Judge Orders $3.58 Billion Judgment Against the Syrian Arab Republic

In what plaintiff’s Washington, D.C. lead trial counsel Richard D. Heideman termed a “landmark victory for justice,” a federal judge awarded $3.58 billion in damages against the Syrian government in response to its sponsorship of the brutal 1985 coordinated terrorist attack upon the Rome and Vienna Airports. 

The judgment levied against Syria of this magnitude is certain to capture the attention of the Bashar al-Assad’s desperate regime.

The lawsuit was brought on behalf of 26 Americans who lost their lives or were maimed by the Abu Nidal Organization terrorist attacks. In rendering the judgment, Judge Facciola said, “The Rome and Vienna Airport attacks could not have taken place without Syria’s direct support.”

On the morning of December 27, 1985 the Abu Nidal Organization coordinated two terrorist attacks. Four terrorists entered the Fiumicino Airport in Rome, Italy, and fired Kalashnikov machine guns and threw hand grenades into the crowds of civilian men, women and children waiting to check in for their flights at the TWA and El Al ticket counters. 

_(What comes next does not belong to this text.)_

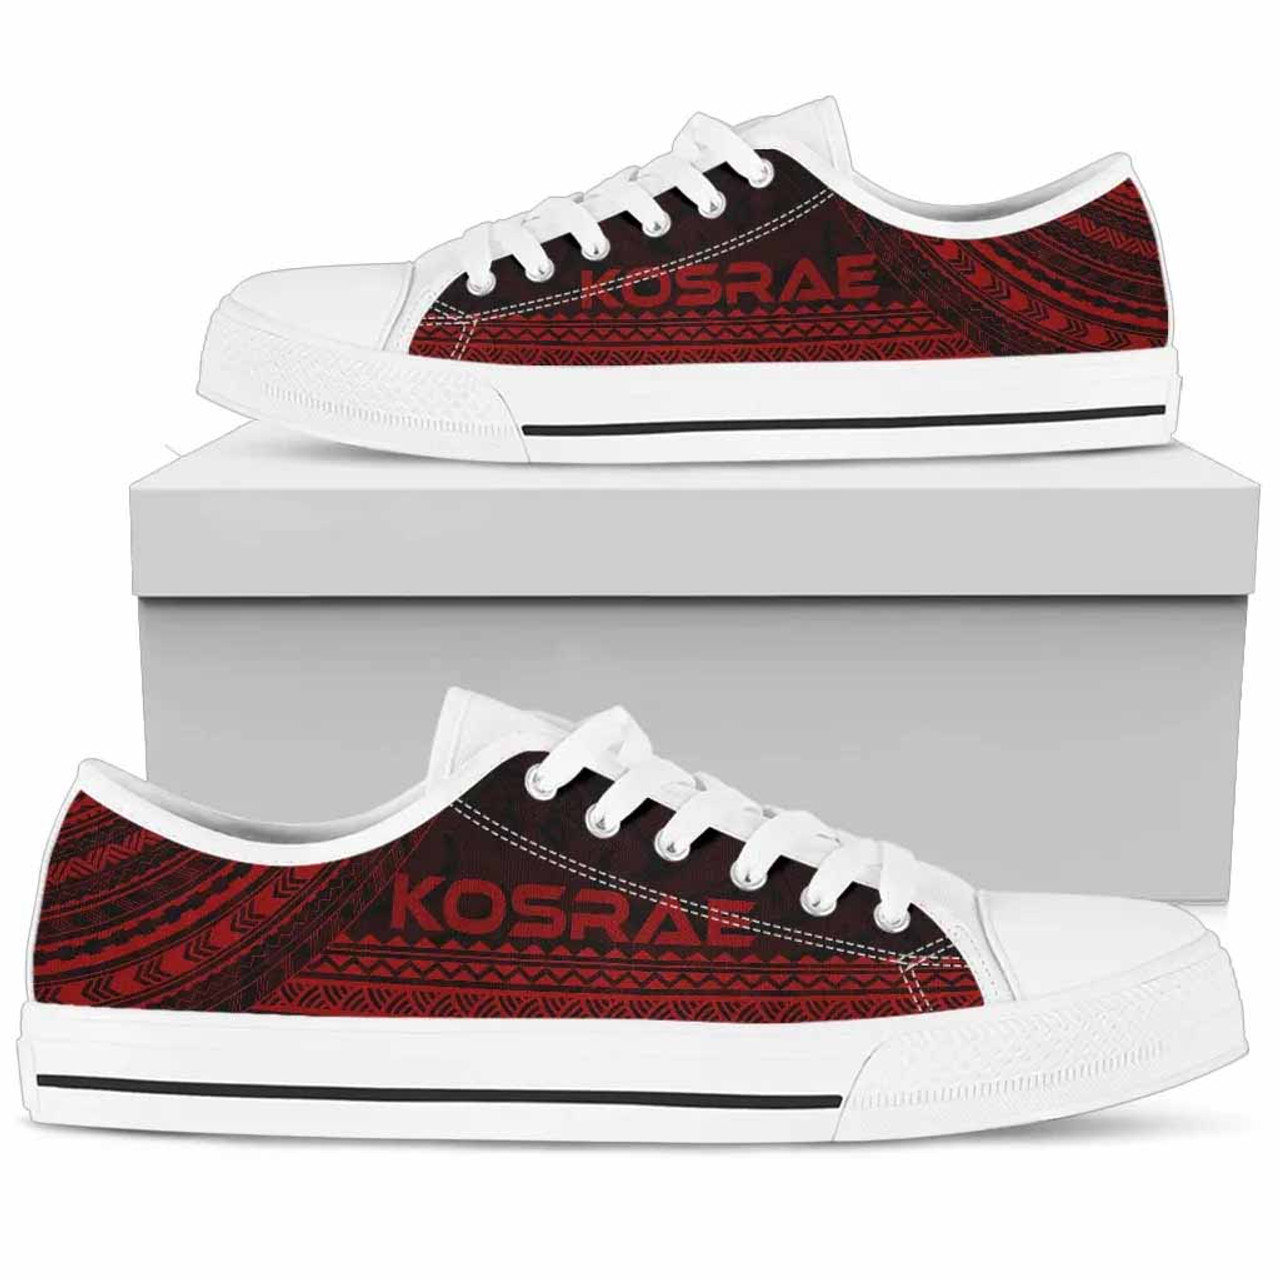 Kosrae Low Top Shoes - Polynesian Red Chief Version 1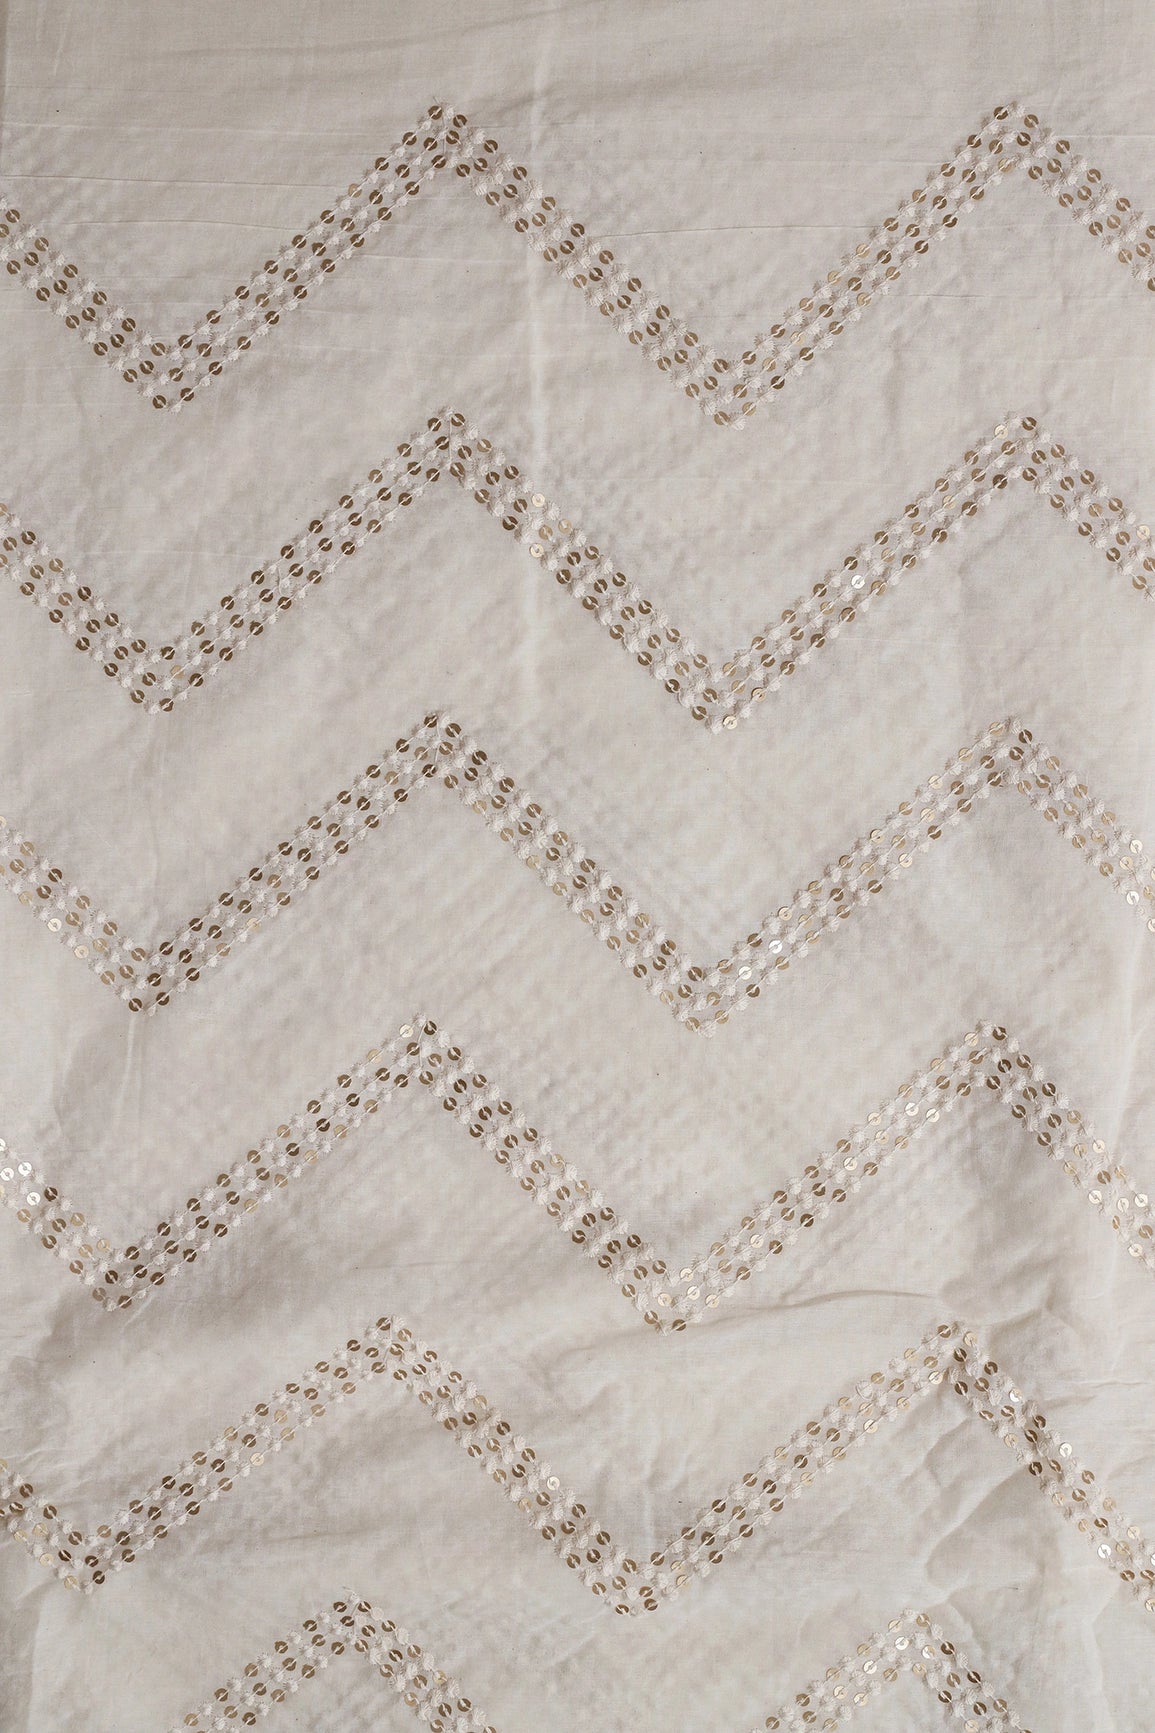 White Thread With Gold Sequins Beautiful Chevron Embroidery Work On Off White Organic Cotton Fabric - doeraa

The terrorists selected these ticket counters because at the time El Al and TWA were the flagship airlines of Israel and the United States respectively. Simultaneously, at precisely 9:00 AM in Vienna, Austria, another group of four terrorists launched a murderous attack on civilians in the Schwechat Airport.

The terrorists murdered 16 people and injured 77 in the Rome Airport Attack, and murdered 3 people and injured 30 in the Vienna Airport Attack. Among the victims were 22 Americans, including young children.

Of the four governments remaining designated as State Sponsors of Terrorism, Syria alone holds the distinction of maintaining this designation since 1979. Attorneys from Heideman Nudelman & Kalik PC served as lead trial counsel in the case against the Syrian Arab Republic, Syrian Air Force Intelligence and General Muhammed Al-Khuli for their state sponsorship and involvement in the airport massacres. After six years of litigation, the court has definitively acted to hold Syria legally responsible.

The victims and families of the airport attacks endured 27 years of justice delayed. The attacks stole lives, inflicted physical pain, and mangled bodies. Survivors must forever live with the vivid memories of the mutilation of that day. And for some, the attacks meant never again seeing a beloved friend, a spouse, a parent, or a child. For the victims and their loved ones, this verdict communicates that the world has not forgotten their suffering and provides them hope that those who enabled the attackers will be significantly impacted and held accountable by the judgment.

But the importance of this record-shattering verdict against Syria extends far beyond obtaining justice for the victims of the two airport massacres. The judgment is designed to punish Syria and send a strong message which will hopefully deter future acts of terror by Syria and other nations.

Syria is a prime example of a State operating without accountability or restraint. In addition to sponsoring global terror, the Syrian regime is responsible for the deaths of more than 70,000 of its own citizens in the past two years, according to UN human rights experts. 

Richard D. Heideman, lead trial counsel, expressed his commitment on behalf of victims of terrorism and other attacks by  the Syrian government after the verdict, “Syria is threatening to use chemical weapons on their own people and their neighbors in the region. As a state sponsor of terror subject to jurisdiction in the US courts, Syria deserves to be singled out for their sponsorship of heinous acts of murder. They must be punished. The victims of  terrorist acts deserve justice. This judgment is an important statement of the Court intended to punish Syria for its past acts and serve as a deterrent against future Syrian terrorism.”

Funds from state sponsors of terrorism enable murderous terrorists to inflict carnage upon the civilized world. The danger posed by these extremists is evidenced by the recent attacks on United States’  Libyan consulate along with the Bulgarian and Tel Aviv bus bombings. And of course, Iran’s funding of Hezbollah and Hamas terrorists in Gaza and Lebanon cannot be ignored. State sponsors of terror often fund this violence with minimal personal consequences as holding a head of state responsible in a criminal court is rarely possible. Although moral concerns may fail to impede funding of terrorism, financial judgments against the State may deter the desire and impede the capability to allocate funds for terrorism.

Full disclosure: the author is a lawyer working for the plaintiffs' attorneys, Heideman Nudelman & Kalik, P.C. in Washington, D.C.